(Beginning of GIVEN DATA)
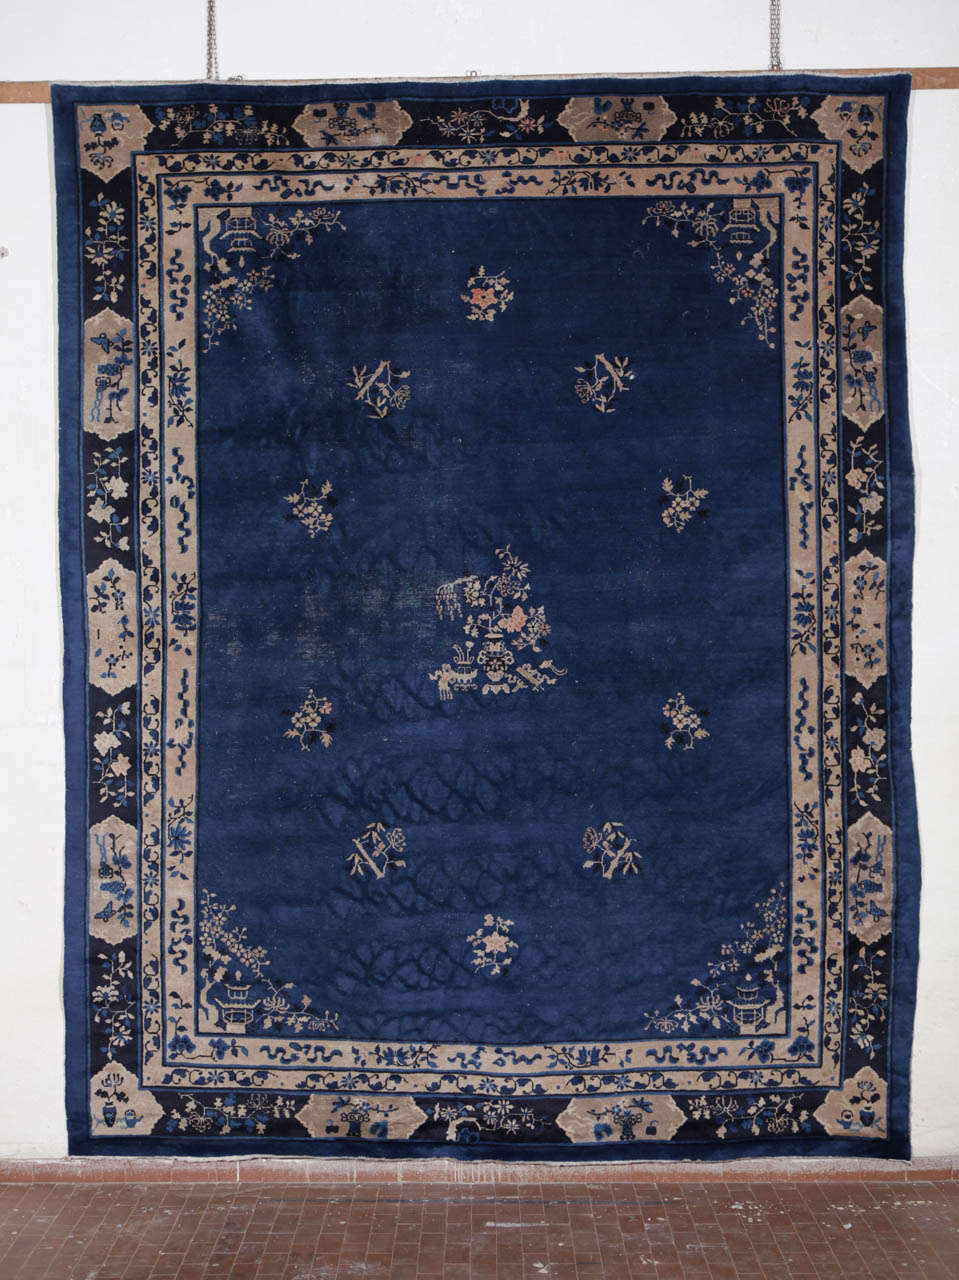 Ein feiner indigoblauer Peking-Teppich aus dem frühen 20.
Maße: cm 350 x 280.
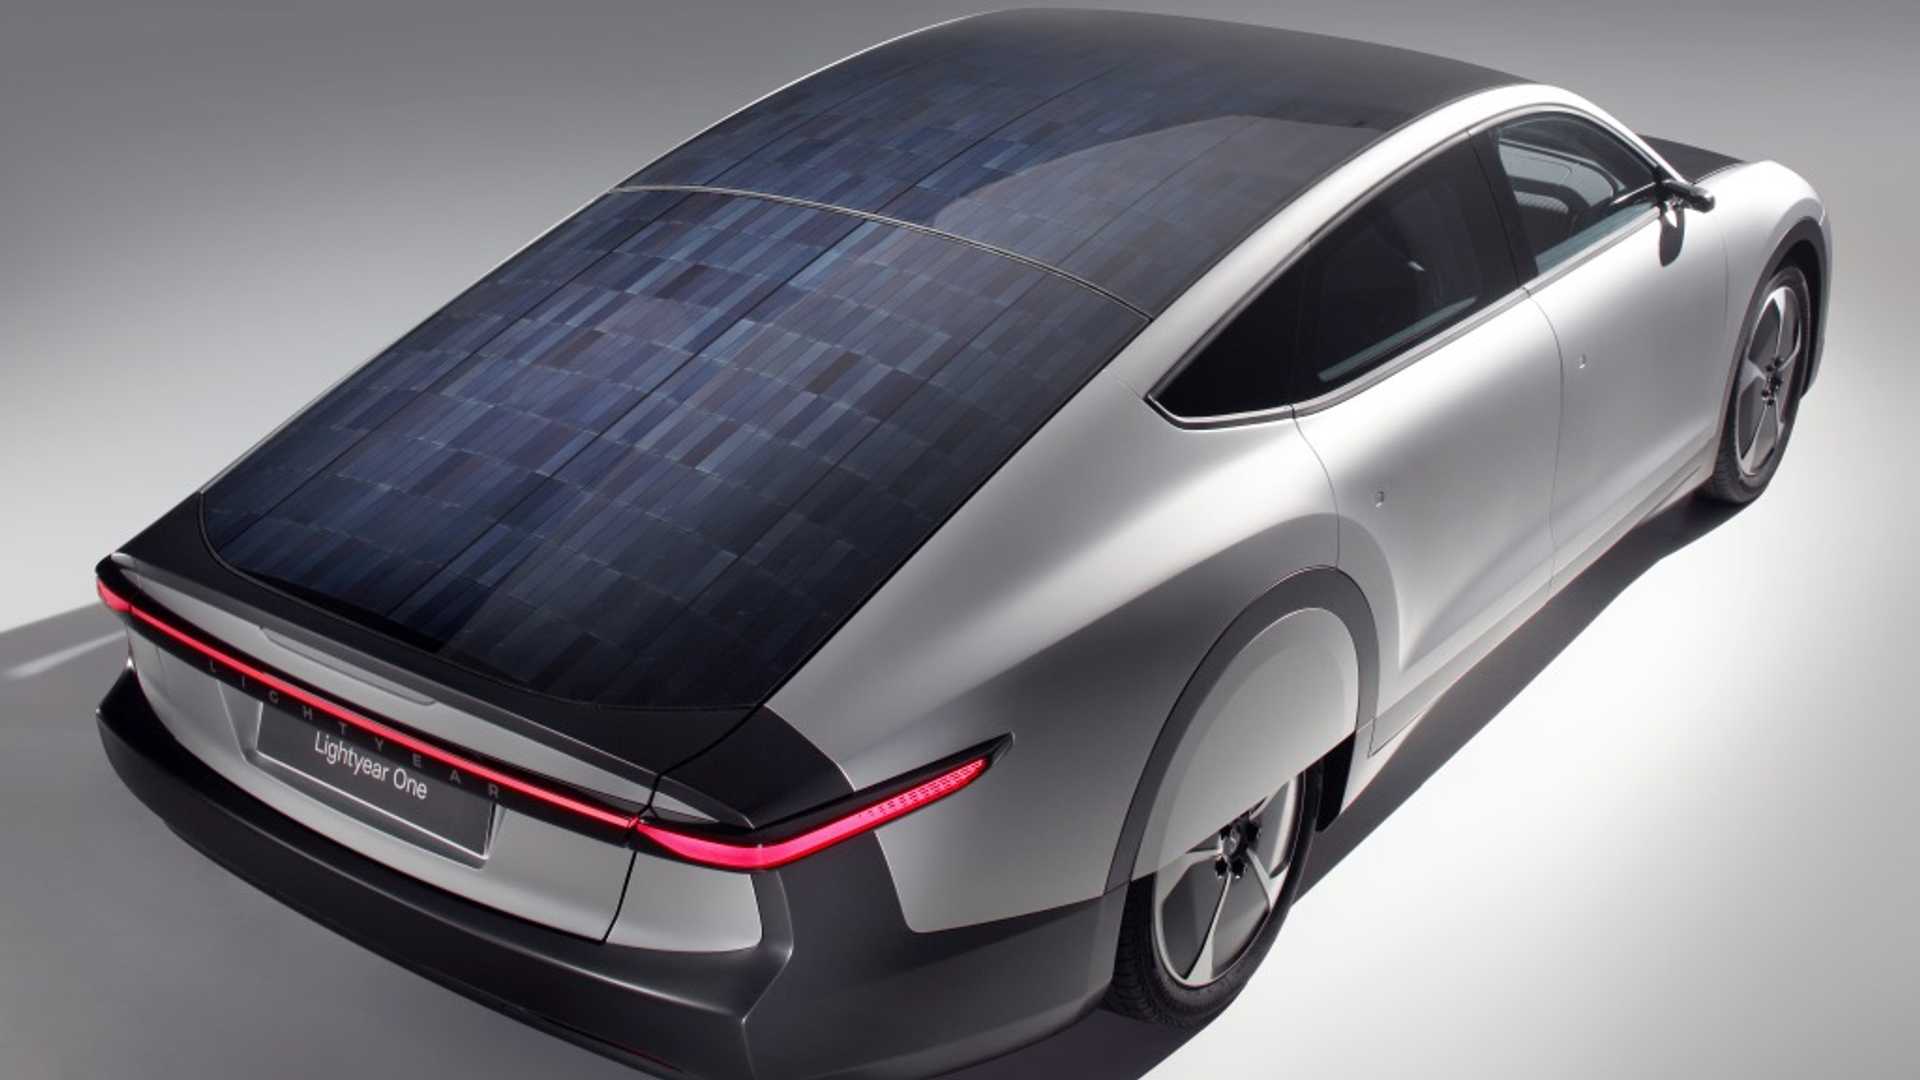 Painéis fotovoltaicos captam a luz solar para gerar energia extra à bateria do carro elétrico
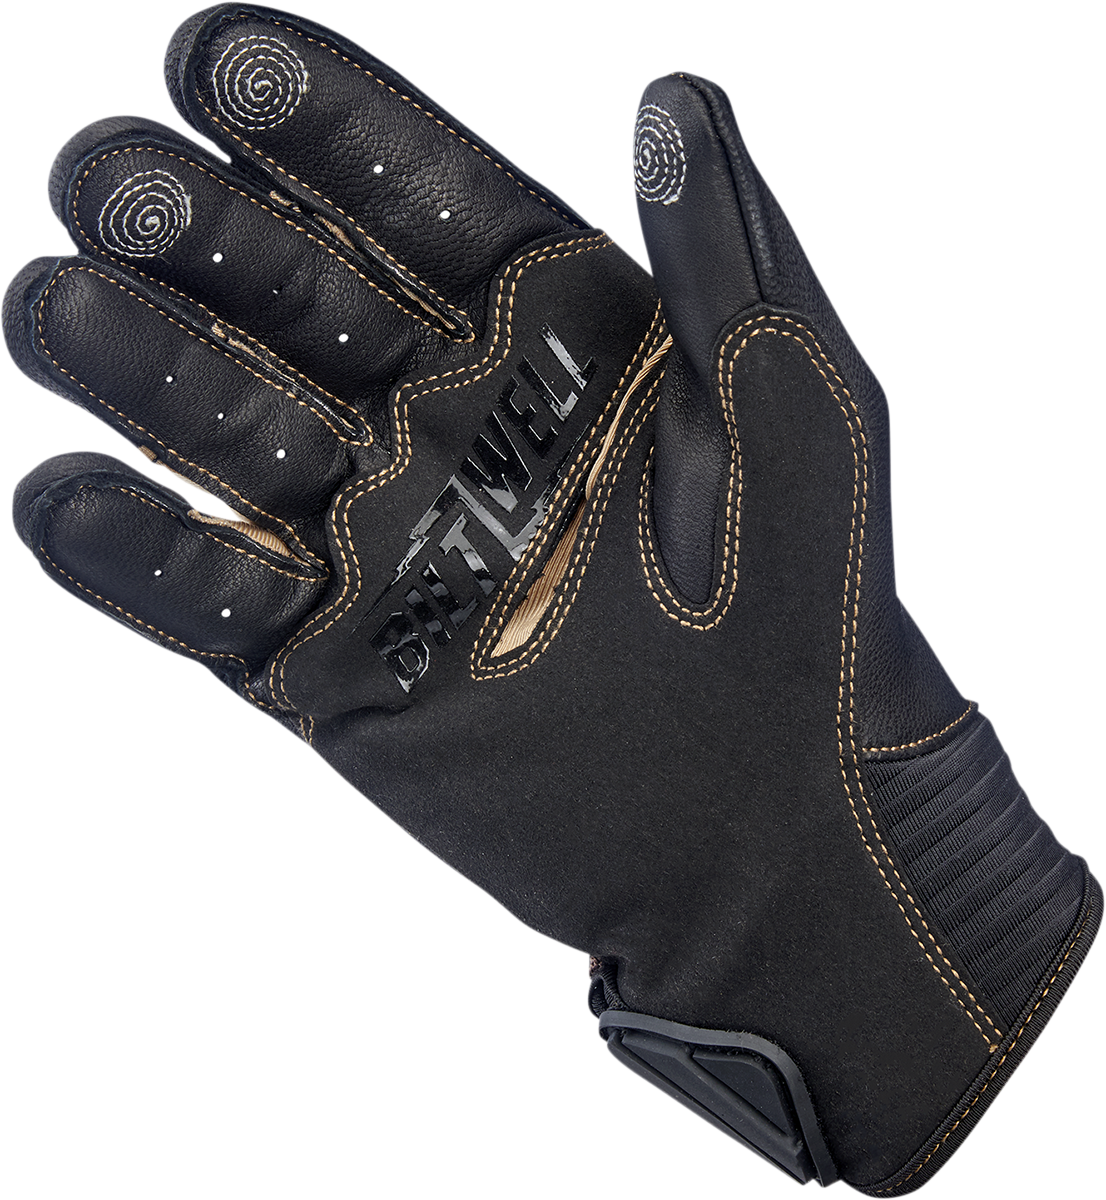 BILTWELL Bridgeport Gloves - Chocolate - 2XL 1509-0201-306
(End of GIVEN DATA)
Beginning with the line that contains "Maße: cm 350 x 280." in the data above, please copy each line exactly until the last line, both ends included, skipping any pictures.

Maße: cm 350 x 280.
 Painéis fotovoltaicos captam a luz solar para gerar energia extra à bateria do carro elétrico
 BILTWELL Bridgeport Gloves - Chocolate - 2XL 1509-0201-306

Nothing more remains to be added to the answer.